How does one match existing thread size and pitch (or whatever it's called) on a project like this when you're not starting from scratch?


----------



## mredburn (May 17, 2016)

I doubt there is a simple way.  I carry 9.4 x .5 but that wont help you if its  .75 pitch.
3/8 x 34 would probably work but I doubt you will find one.  I think I bought a  3/8 x 36 set from Victor Machinery at one time. 
Cutting the threads on a  metal Lathe would be easiest if you have access to one or someone who  has one.

I just checked and Victor has 3/8 x 32 and 3/8 x 36 taps listed.
.75 pitch is close to 34tpi (33.8)   On that short of thread you may be able to get away with one of them


----------



## frank123 (May 17, 2016)

It probably isn't some standard off the shelf size so measure the thread exactly, including the form of the thread which may not be a standard v form, and make a tap for it on a metal lathe.

Any idea what brand it is?  You may be able to look it up if you know.


----------



## Parson (May 17, 2016)

How does one determine the pitch?

Buy a cheap pitch gauge off amazon.com?


----------



## duncsuss (May 17, 2016)

Parson said:


> How does one determine the pitch?



There are tools that look a bit like feeler gauges, instead of being different thicknesses each blade has a saw-tooth edge at a different pitch.

You try each one in turn until you find a match.

If you don't have one of these, a quick test is to take a tap that you think is the same pitch and set it alongside the piece you're trying to match.

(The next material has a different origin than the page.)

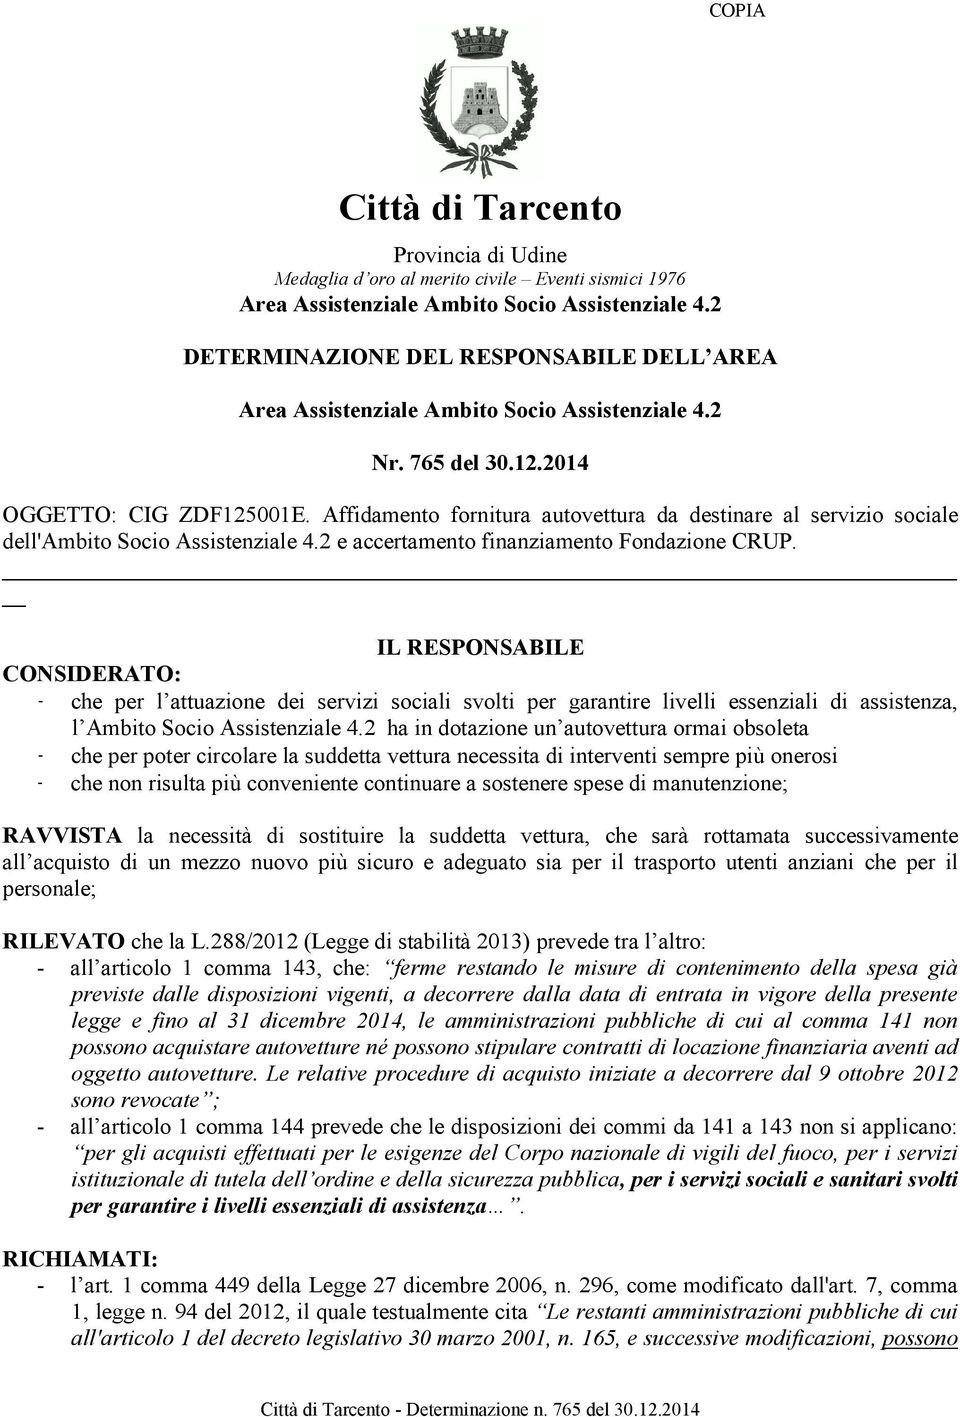 Affidamento fornitura autovettura da destinare al servizio sociale dell'ambito Socio Assistenziale 4.2 e accertamento finanziamento Fondazione CRUP.

If the peaks and valleys line up along the entire length of the screwthread your testing, the tap you chose is the same pitch.


----------



## mredburn (May 17, 2016)

Usually with a metric or std inch thread gauge. You can also see if you can match them with a known thread pitch on another part.  You could thread a tenon with a die with .75 threads and fit them up together. If its the same they will mesh together easily if not the points of one thread will not fit inbetween the points of the other.


----------



## KenV (May 17, 2016)

Metric measures the distance between peaks (or valleys) for a single thread.   Better accuracy is to measure across several and divide to get an average with each end counting as half a thread.

Imperial is number of threads to an inch.

If you happen to have access to a thread gage all the better.


----------



## Parson (May 18, 2016)

OK guys, found out more about this section and nib combo.

It's a *Cross Peerless nib/feed/section*. I accidentally transposed the width of the threads. *It's 9.14mm.*

Now does anyone have any idea where I can find a 9.14mm tap? I thought of buying a 9mm tap to see if it will fit it but I'm waiting for my thread gauge to arrive before ordering one to make sure I get that part right.

Thoughts? Suggestions?

I'd really like to make this work because the guy said this is just about the best writing nib he's come across in a long time and he can buy the nib/feed/front sections at wholesale and would like to partner with me on making up a few of them for sale in his store... which has massive sales of Visconti, MontBlanc, David Oscarson, and other high end pen manufacturers.


----------



## thewishman (May 18, 2016)

I hope you can figure it out. It might be worth paying a friend with a metal lathe to make a custom tap and die. That way, you would be set up to go to town on them.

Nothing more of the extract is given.